Freedom of expression is violated in a similar way. Instead of the electoral process being one in which citizens participate in the act of self-government, empowered and responsible to themselves and one another, the electoral process is one which divides the polity on the basis of the electoral promises of the parties which consider them a voting bank. Name-calling and backroom dealing replace public debate on the substantive issues of concern to Canadians.

The Canada Elections Act also violates the principle of equality. The electoral law favours some parties over others. Not only is financing provided to those parties from the state treasury but the broadcasting provisions give privileges to parties which are already well known, especially the party in power. There is nothing in the electoral law to guarantee the equality of citizens either in terms of their access to information about candidates and parties, or equality in the benefits provided by the Act to equal access to power and the mechanisms of empowerment.

Political Affiliation

Freedom of association is generally understood to mean that no one can be penalized for forming any association they choose so long as the aims of the association are not to break the law. The Canada Elections Act violates this fundamental freedom as well as freedom of conscience insofar as it seeks to regulate what kind of political beliefs a person should have as concerns a democracy and what constitutes a legitimate political party. It legitimizes those political parties which are organized purely as electoral machines and whose main aim is to come to power.

The narrow definition of a political party as simply an electoral machine is not accepted by all political parties. Among broader aims would be to politicize the members of the polity, to assist citizens to participate in governing the society, to encourage citizens to become the decision-makers and exercise control over their own affairs and the affairs of the polity, for example. Insofar as the Canada Elections Act imposes its narrow definition of a political party on such political parties, it is infringing not only on the freedom of association, but also on freedom of conscience.

A party such as CPC(M-L) sees its participation in elections as just one aspect of its all-sided political work to organize the working class and other sections of the society to affirm their sovereignty, and it does not violate any law in doing so.

CPC(M-L) makes its decision to participate or not participate in elections according to its assessment of the political situation in Canada at any given time. It may be that in certain conditions a party chooses to participate in an election not by fielding candidates but by calling on the electors to support other candidates, or by calling on them to stand for election as independents, or to boycott the election, or any other series of alternatives available to the members of a polity.

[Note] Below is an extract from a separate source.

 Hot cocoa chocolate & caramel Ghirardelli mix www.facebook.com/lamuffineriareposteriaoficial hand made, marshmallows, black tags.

The fact that a political party decides to participate in an election in a manner other than itself fielding candidates should not be grounds for penalizing it through de-registration and the forced liquidation and surrender of its assets.

Violations of Freedom of Association

Section 31 of the Canada Elections Act violates the right of freedom of association by allowing the state to force a political party, which has applied for registration or has status as a registered political party, to liquidate its assets and remit them, after paying its creditors, to the Chief Electoral Officer for transfer to the Receiver General, if the party does not field fifty candidates in a General Election. In other words, if a party does not field fifty candidates in a particular electoral contest, the citizens who have joined this party no longer have the right to freely associate in this party, because the party has been forced to liquidate itself.

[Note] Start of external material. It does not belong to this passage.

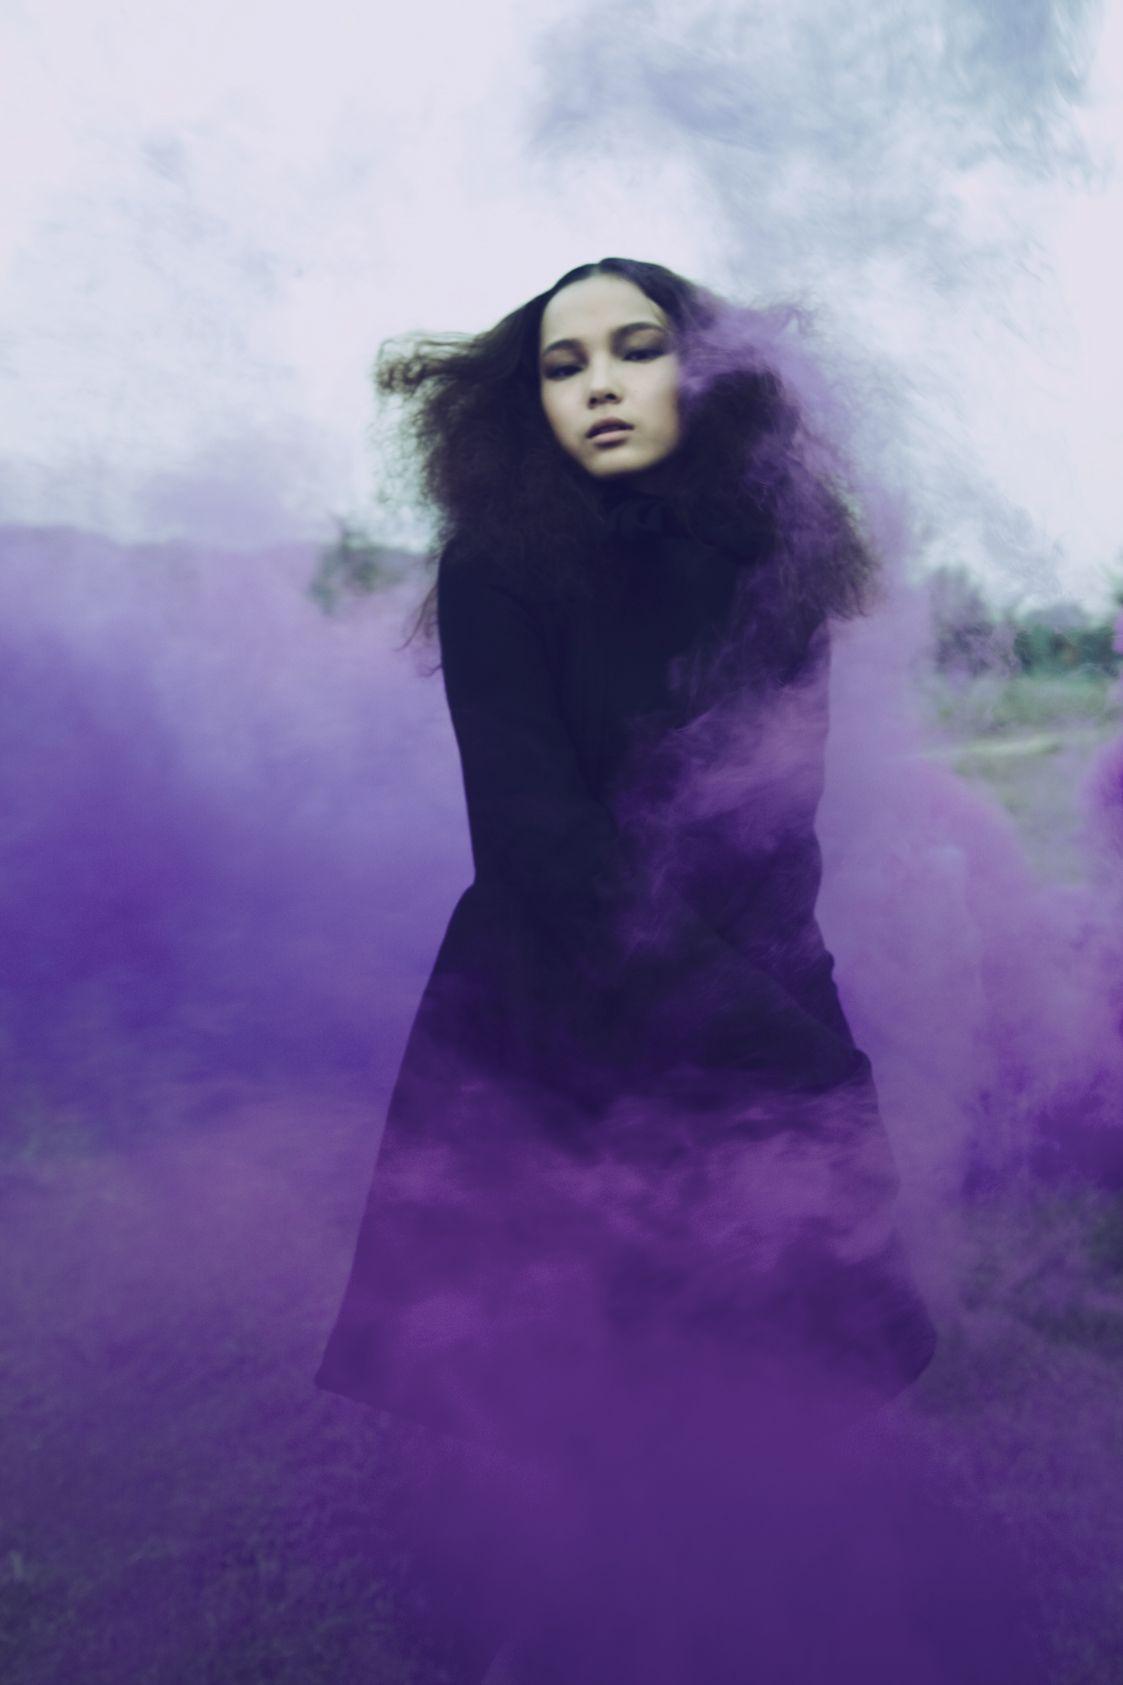 smoke bomb photography - Cerca con Google

The presumed logic of this section of the Act is that the assets of the party were collected from the public for the purposes of an election campaign, and if the party is not going to participate in the election campaign by fielding at least fifty candidates, then the assets should be returned to the public coffers. Even the principle of fairness is not applied to this requirement, such as liquidating only those assets which have been acquired as a result of benefits enjoyed at the expense of the public treasury.

This provision takes place in circumstances in which only the government of the day calls the election. This is an outrageous violation of freedom of association which has no conceivable justification. It was introduced in the last days of the Conservative government in 1993 and the House of Commons debates record no debate whatsoever on the specific provisions. [s.31(10-14)] A number of parties were deleted from the Registry after the 1993 election, and five parties were deleted after the 1997 election. One of those parties, the Communist Party of Canada, has challenged these and other provisions of the Act as violating Freedom of Expression section 2(b), Freedom of Association section 2(d), The Right to Elect and Be Elected section 3 and the equality provisions of the Charter of Rights and Freedoms. These provisions violate the rights of Freedom of Association, Freedom of Expression and Equality Sections 2,3 and 15 of the Charter of Rights and Freedoms and cannot be 'saved' by section 1. There is no proportionality whatsoever between a supposed government objective in seizing the assets of a de-registered party and the damage this provision does to freedom of association, freedom of expression and equality of rights.

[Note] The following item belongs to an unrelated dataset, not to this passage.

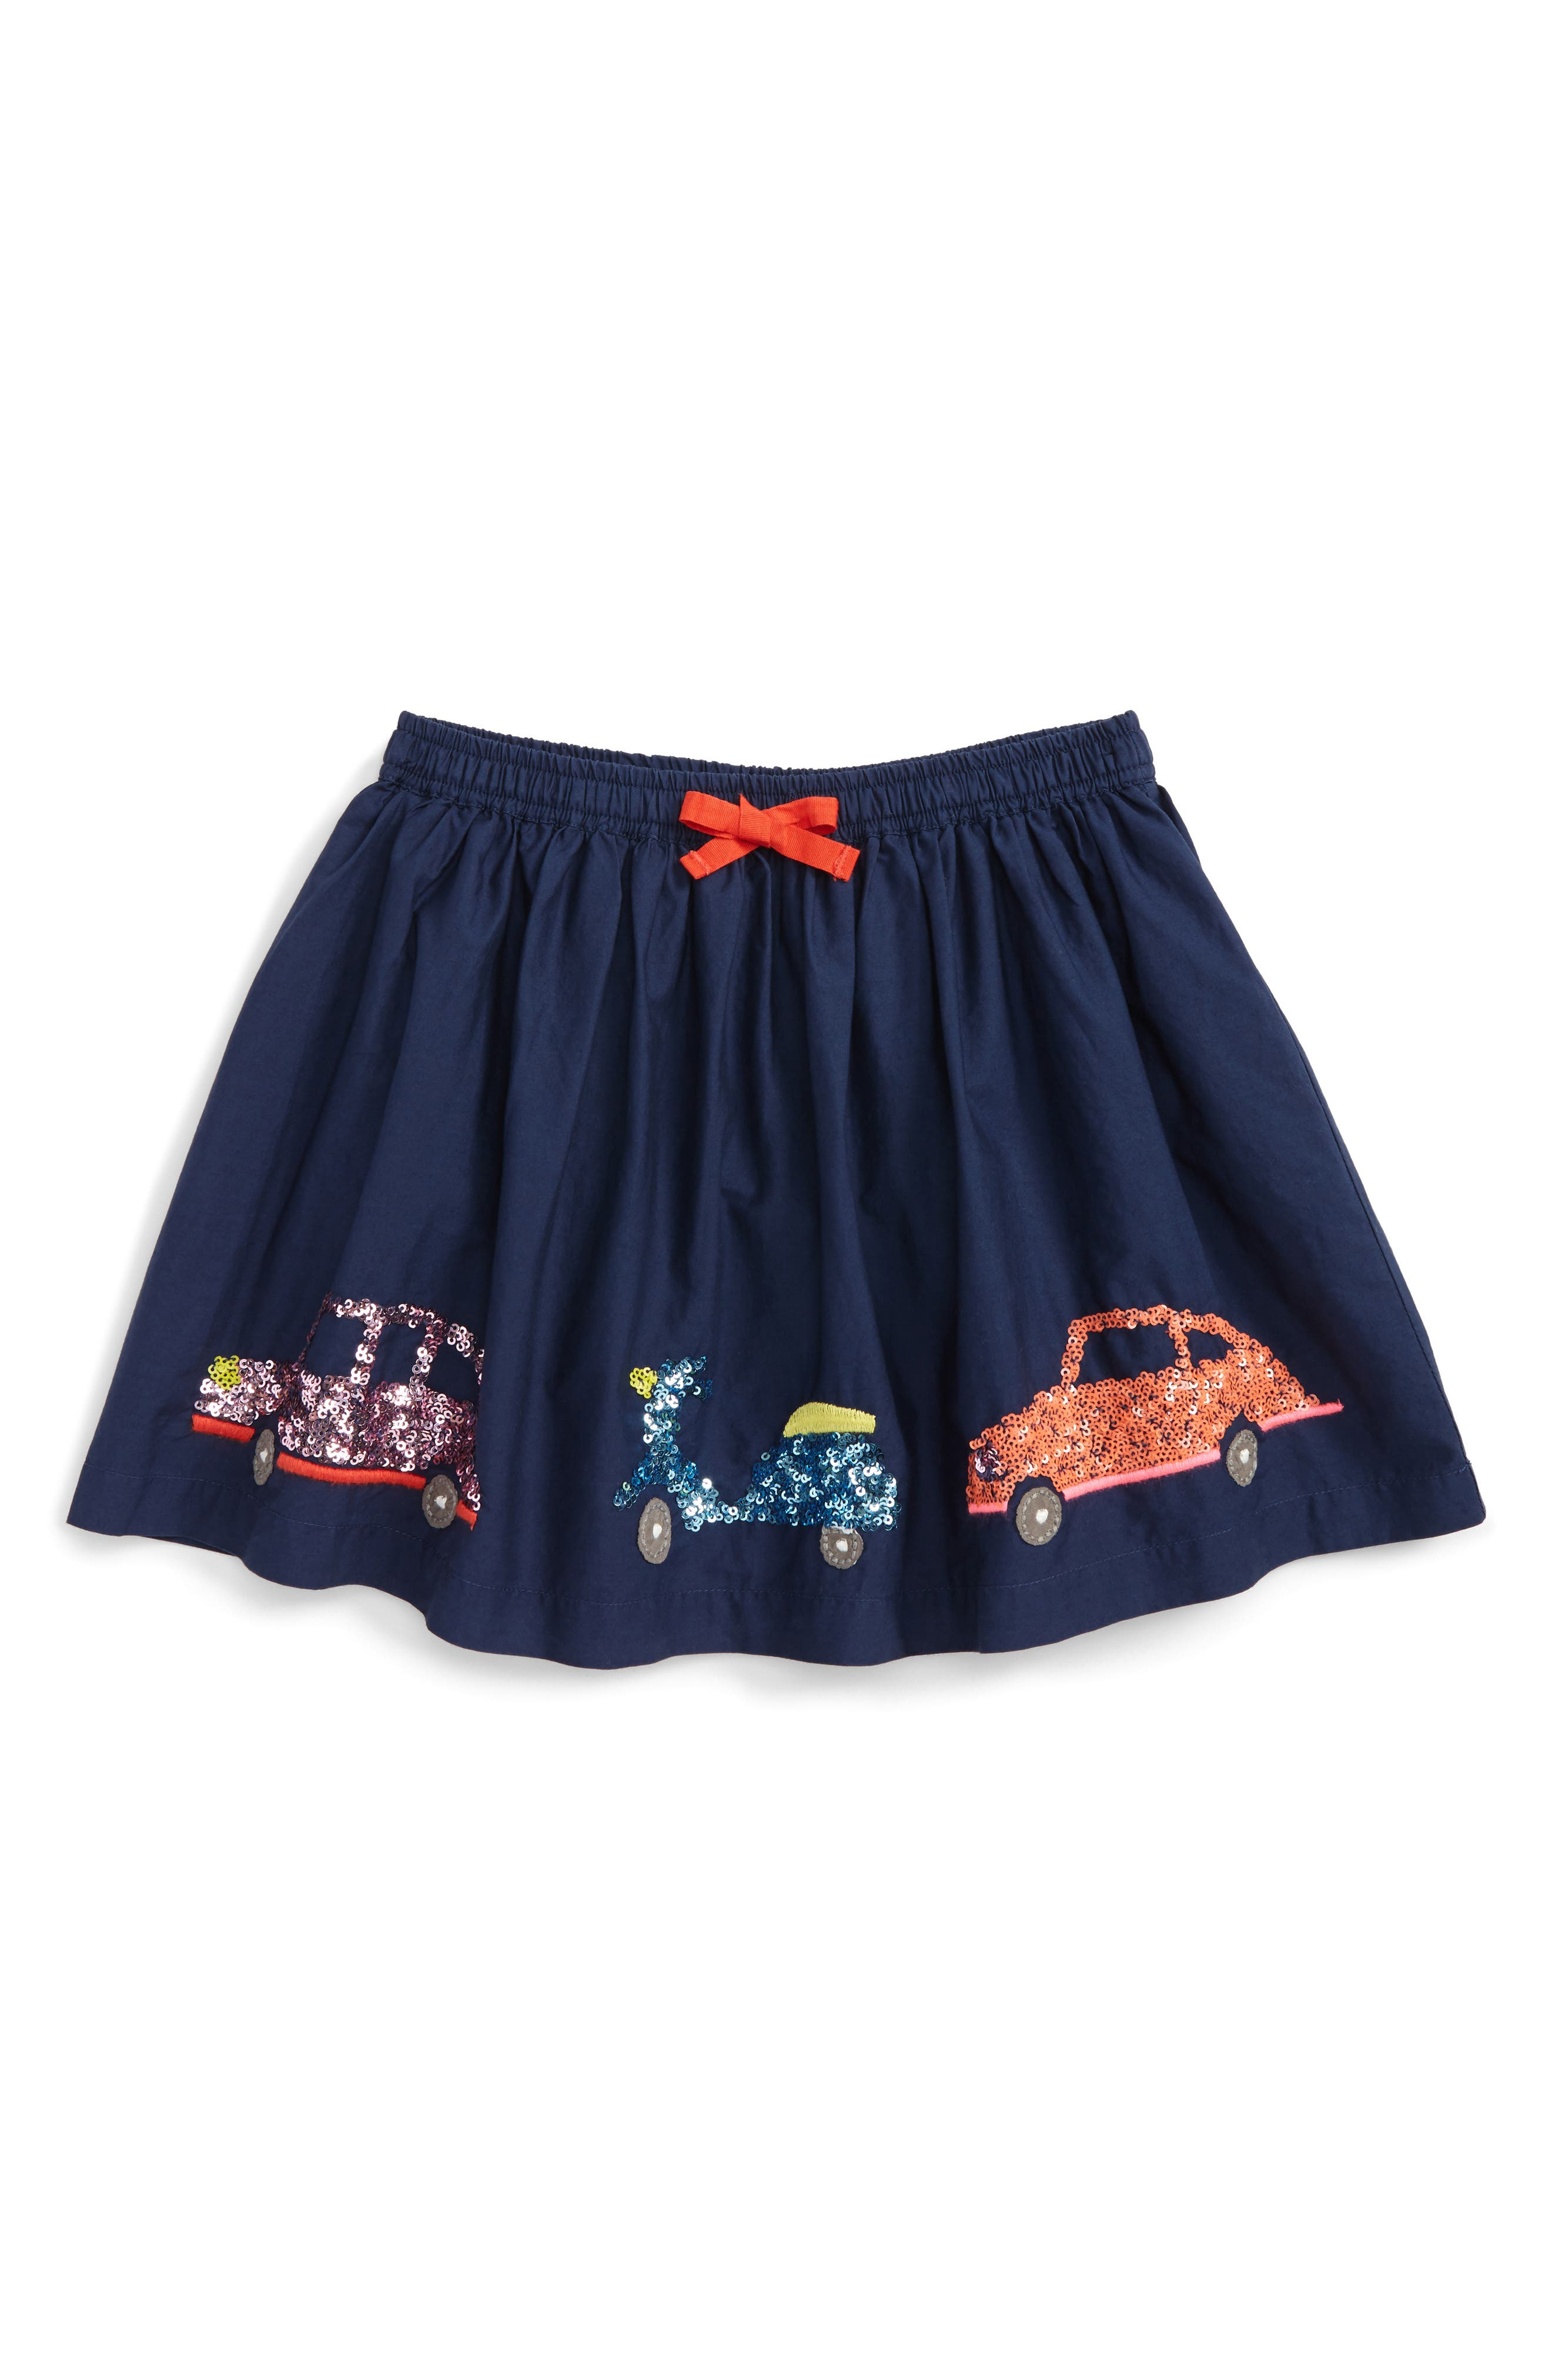 Adventure Sequin Skirt,                             Main thumbnail 1, color,                             School Navy

The fact that this provision was introduced into the electoral law in the dying days of the Conservative government with o debate whatsoever in the House of Commons illustrates the low level of public discourse it promoted concerning fundamental rights. Whatever the outcome of Figueroa v The Attorney General of Canada it is the view of CPC(M-L) that the Standing Committee should also address this fundamental question.

Another example of how the Canada Elections Act infringes upon the right of freedom of association is the failure of the Act to provide for the registration of political parties between General Elections. If a political party is not registered at the time of a General Election, it cannot be given official recognition to participate in a by-election held before the next General Election. In other words, citizens wishing to form an officially recognized political party are not allowed to do so until the next General Election and can thereby not participate in a by-election under their Party name.

The freedom of association is violated also through the Canada Election Act's infringement upon the internal organization and functioning of political parties which vest sovereignty in their membership. The requirement that the national leader of a party approve the nomination of all candidates running for that party (Section 81.1.h) gives power to the national leader, such as parachuting in candidates in opposition to the wishes of the party members in the constituency, that may be at variance with the principles of the political party itself. This is another example of the violation of freedom of conscience.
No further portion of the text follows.